SAUGUS — The School Committee is preparing to submit a proposal to access the more than $4 million in the Student Support Reserve Fund to pay for a pilot program to install a school resource officer at the Saugus Middle/High School complex.
School Committee Chair Vincent Serino said the district is still awaiting a decision on a grant application submitted through the police department that would cover the cost of the position, but was planning to put a proposal on the next Town Meeting warrant. Committee member Dennis Gould said the committee would submit an article to Town Manager Scott Crabtree’s office so it could then go before the Finance Committee for review.
Gould did not say when exactly the proposal would be submitted, simply saying the committee would like to see a school resource officer in place “as soon as possible.” Should the town secure the grant, which Gould indicated he believed it would, those funds would cover 60 percent of the costs of an officer for three to five years.

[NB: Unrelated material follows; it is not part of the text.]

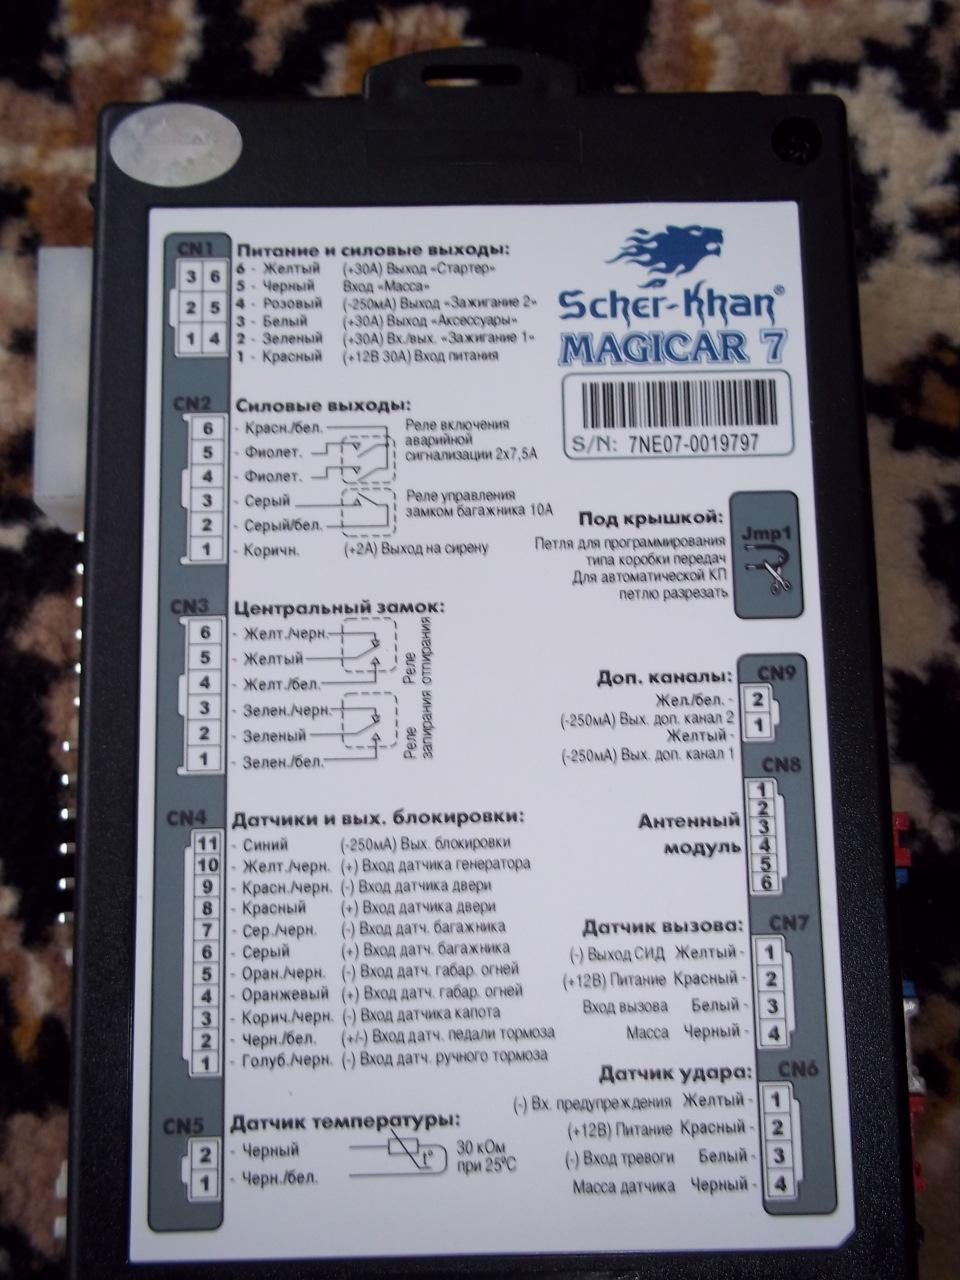 Scher-khan magicar 7 инструкция, характеристики, форум.

A proposal for an officer would have to go before Town Meeting after earning the Finance Committee’s support, Gould said.

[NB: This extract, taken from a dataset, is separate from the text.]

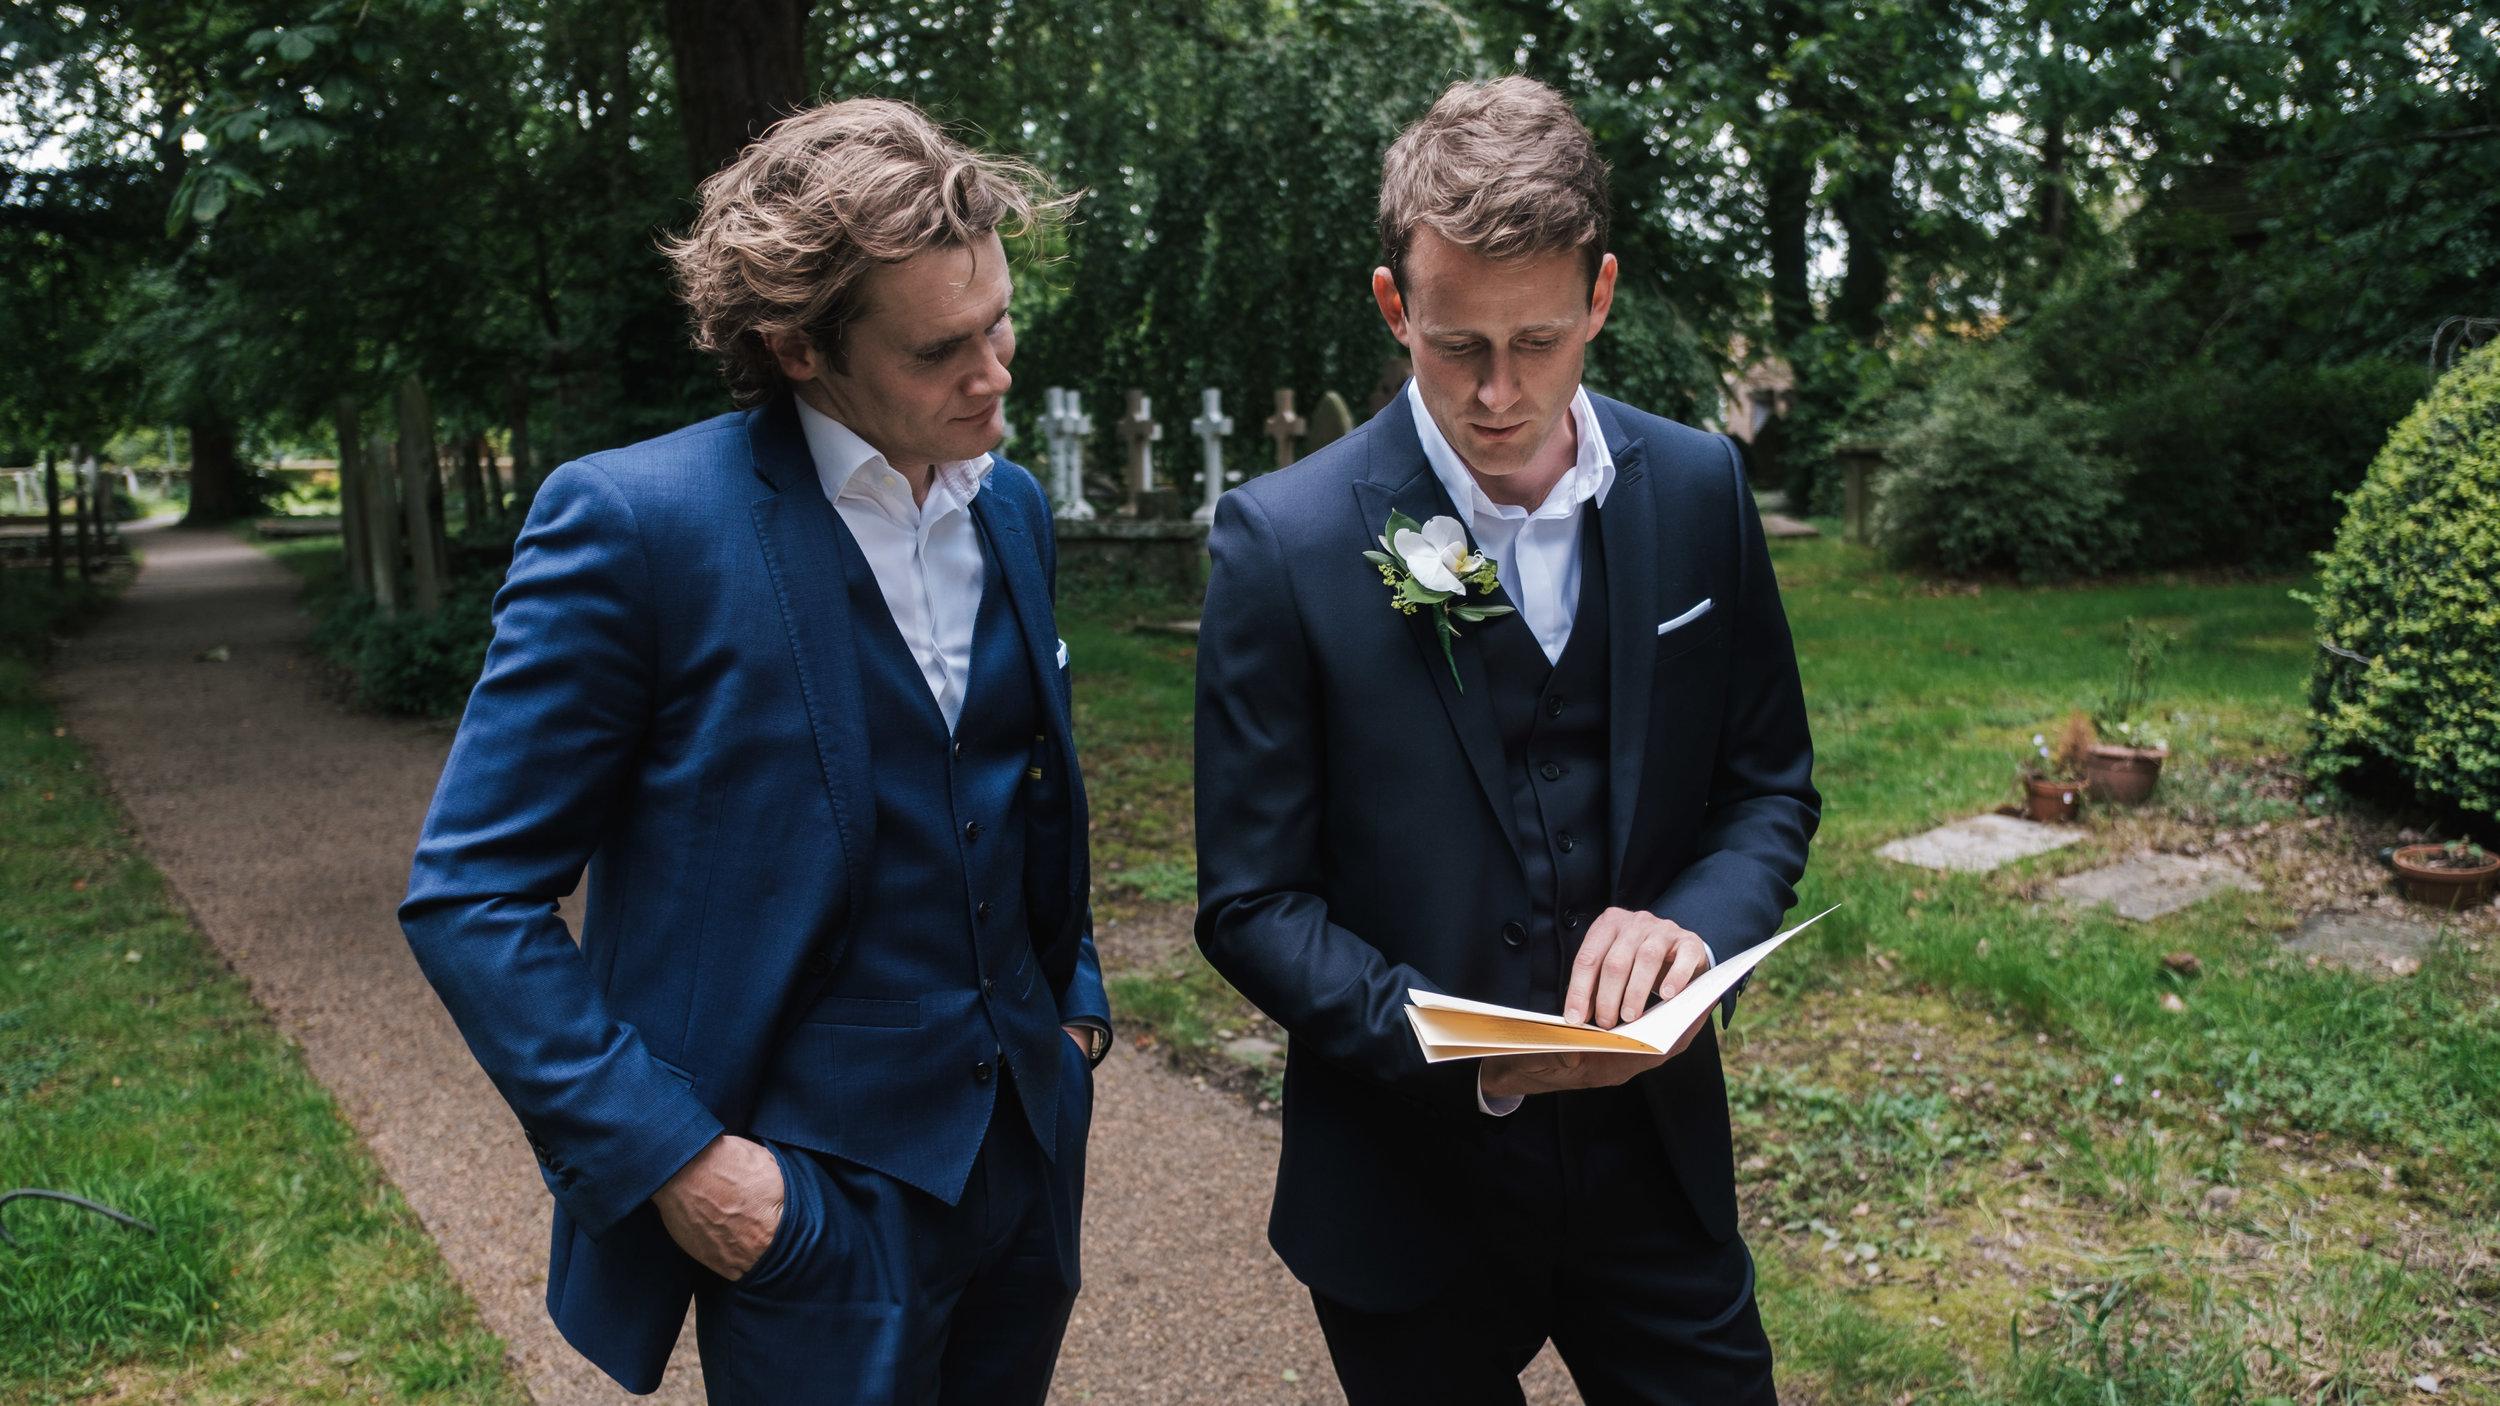 prestbury-cheshire-wedding-photographer-0002.JPG

The committee has thus far been unsuccessful in getting any proposals to access the fund before Town Meeting, for reasons that remain unclear. Serino has indicated several times that the committee intended to do so, but no formal proposals have ever gone before Town Meeting since Crabtree created the fund with state money last October.

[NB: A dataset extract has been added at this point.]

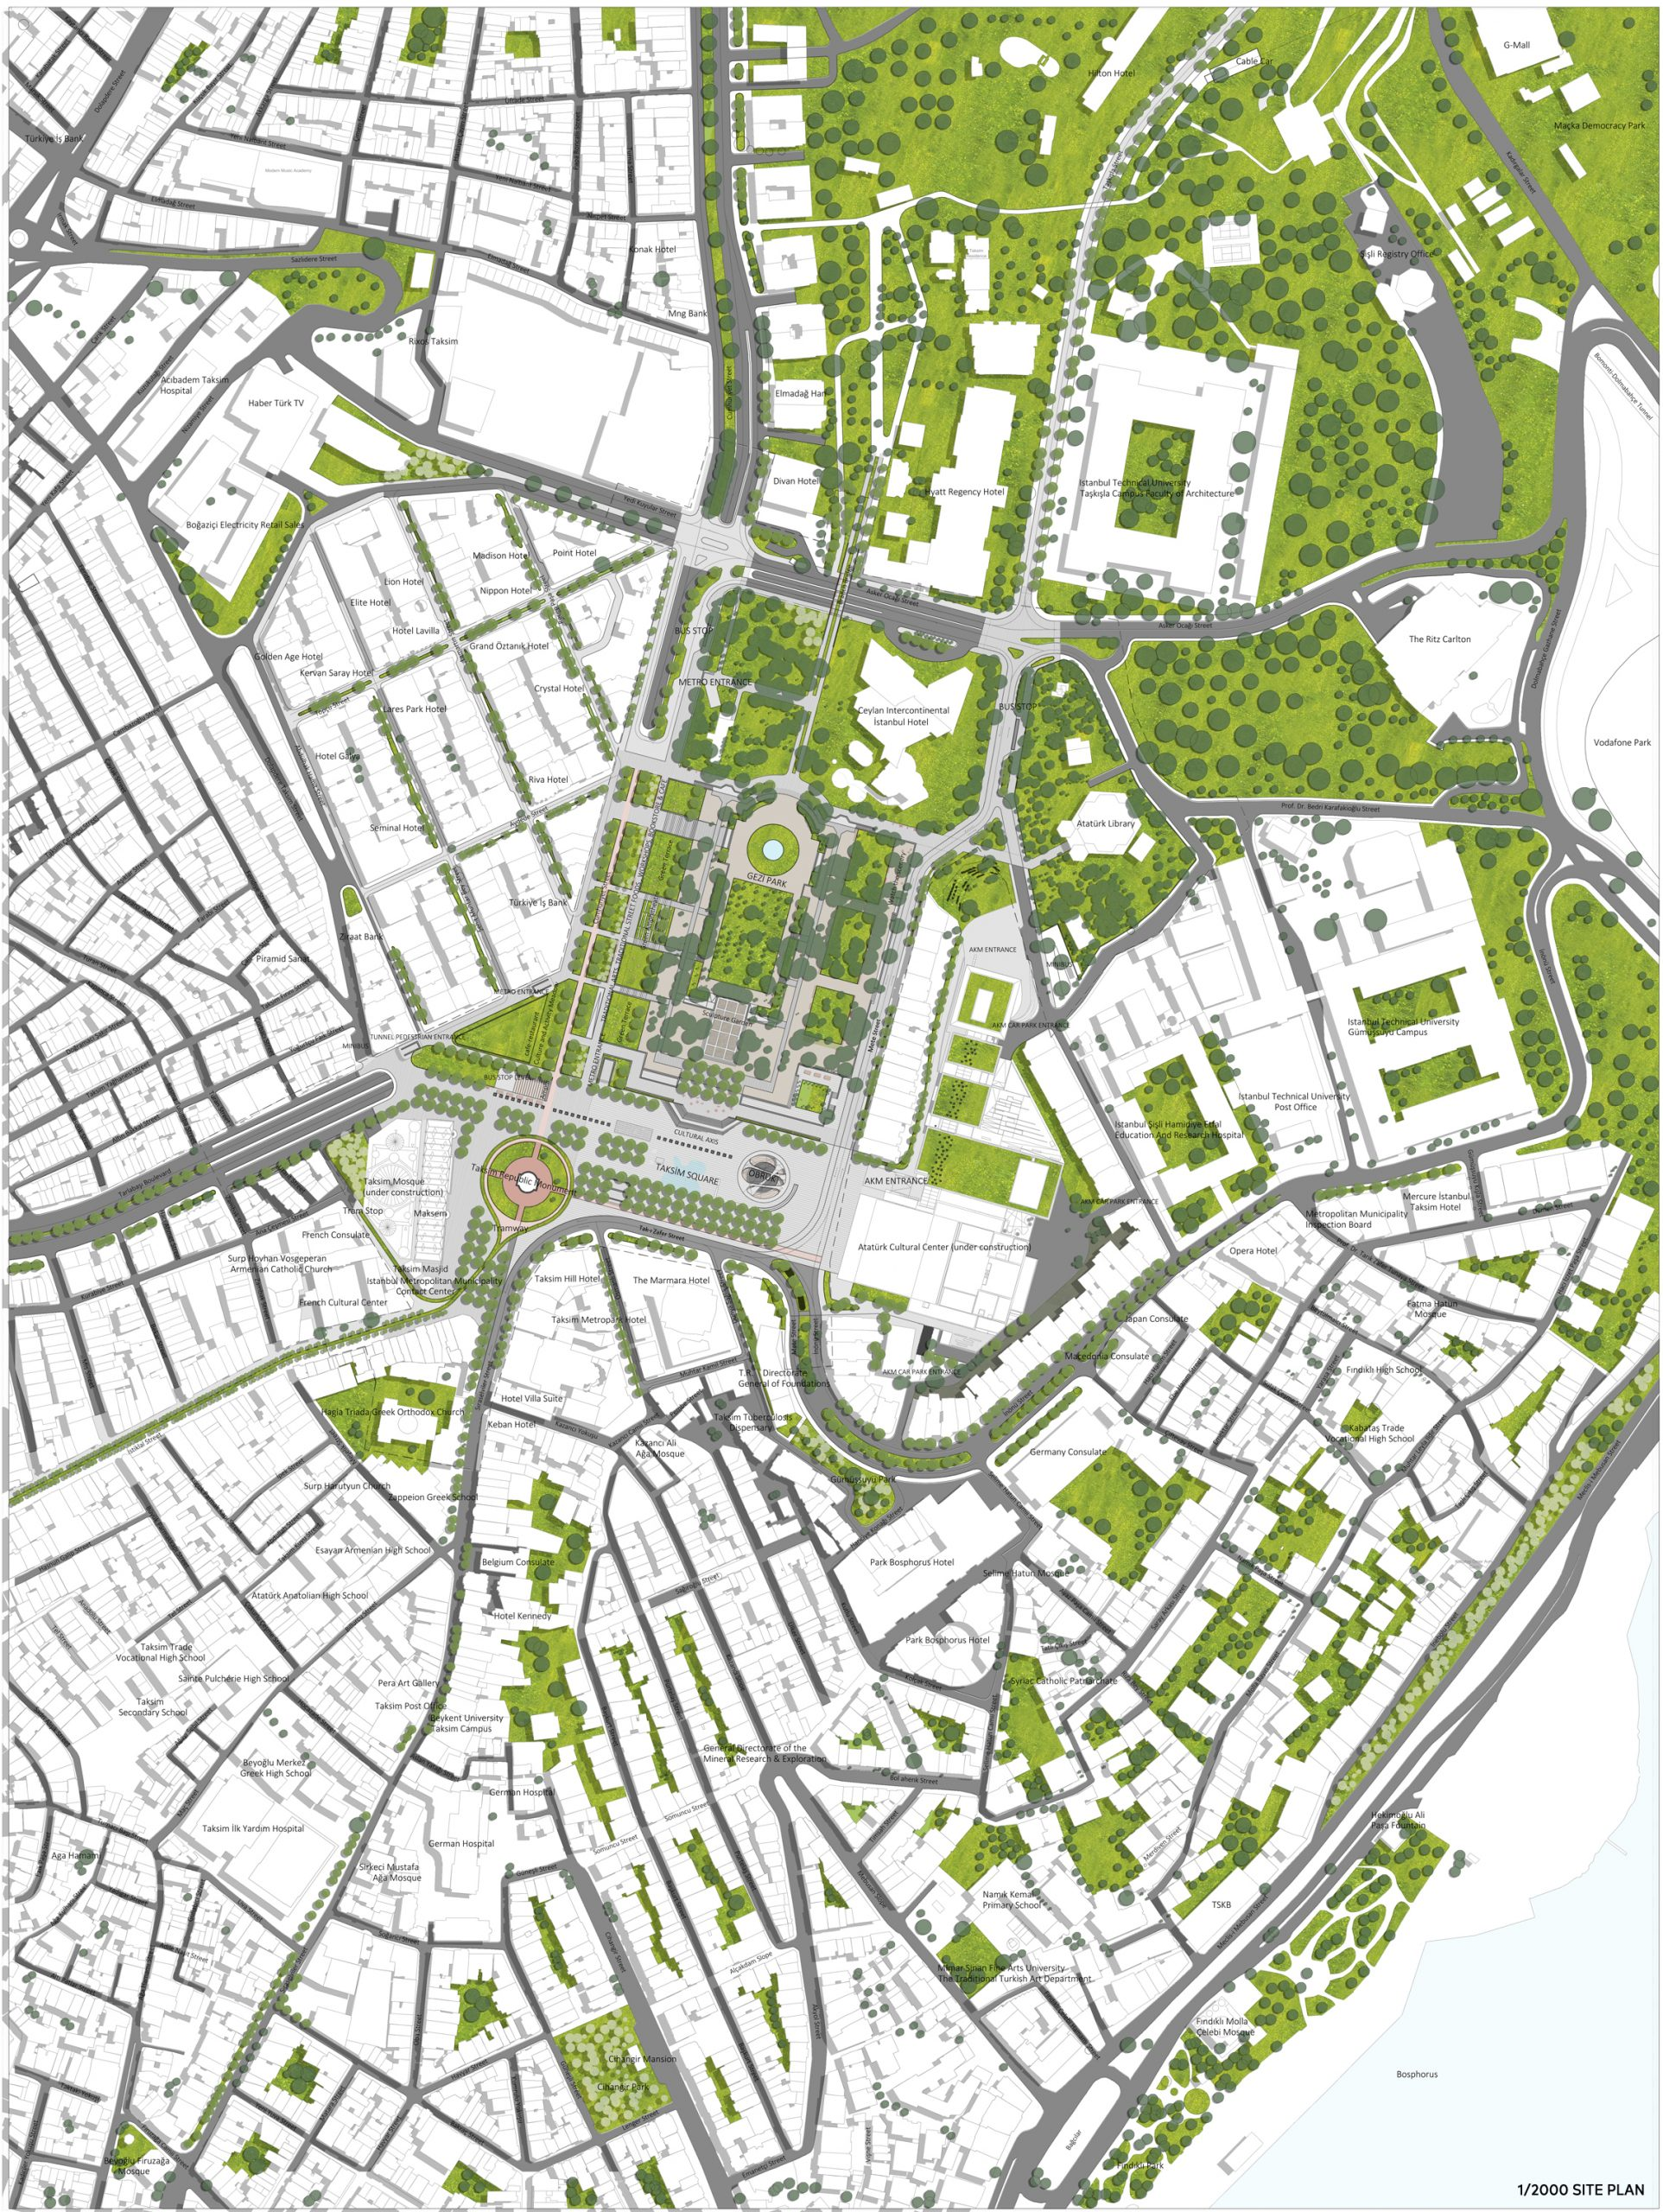 2000-site plan

It also is unclear when exactly the Finance Committee would next convene, with no Town Meetings on the books until May 2024.
In March, when the Finance Committee met to review the district’s fiscal year 2024 budget, members indicated support for a number of proposals presented by former Deputy Superintendent Margo Ferrick, but no vote was taken and the proposals appear to have fallen by the wayside.
While Gould and other committee members have indicated the proposals would go before Town Meeting, the language concerning the creation of the fund does not mention that requirement, instead simply saying proposals would require review by the Finance Committee. Members of the Finance Committee have said they would only support using the fund to pay for one-time costs, not the creation of new positions that could put a strain on the district’s operating budget.
Talk of a school resource officer in Saugus dates back months, with committee members repeatedly citing creating and filling that position as a priority. Yet, with the district forced to trim its budget down to exclusively rolling over level services, a school resource officer has remained a theoretical idea.
Ferrick, who departed the district in July to become the superintendent of Georgetown Public Schools, said the pilot program would serve as a way for the district to get a sense of how the position works and what its value is before expanding the police department’s footprint at Saugus schools.
“Having a school resource officer is really about creating a prevention model and community policing,” Ferrick said earlier this year. “So our goal is the officer would be in classrooms, teaching safety, building relationships with kids, being that person that the older kids go to when they know there might be a fight that happens after school to help prevent that. We haven’t had one here, as far as I know, in a very long time, if at all.”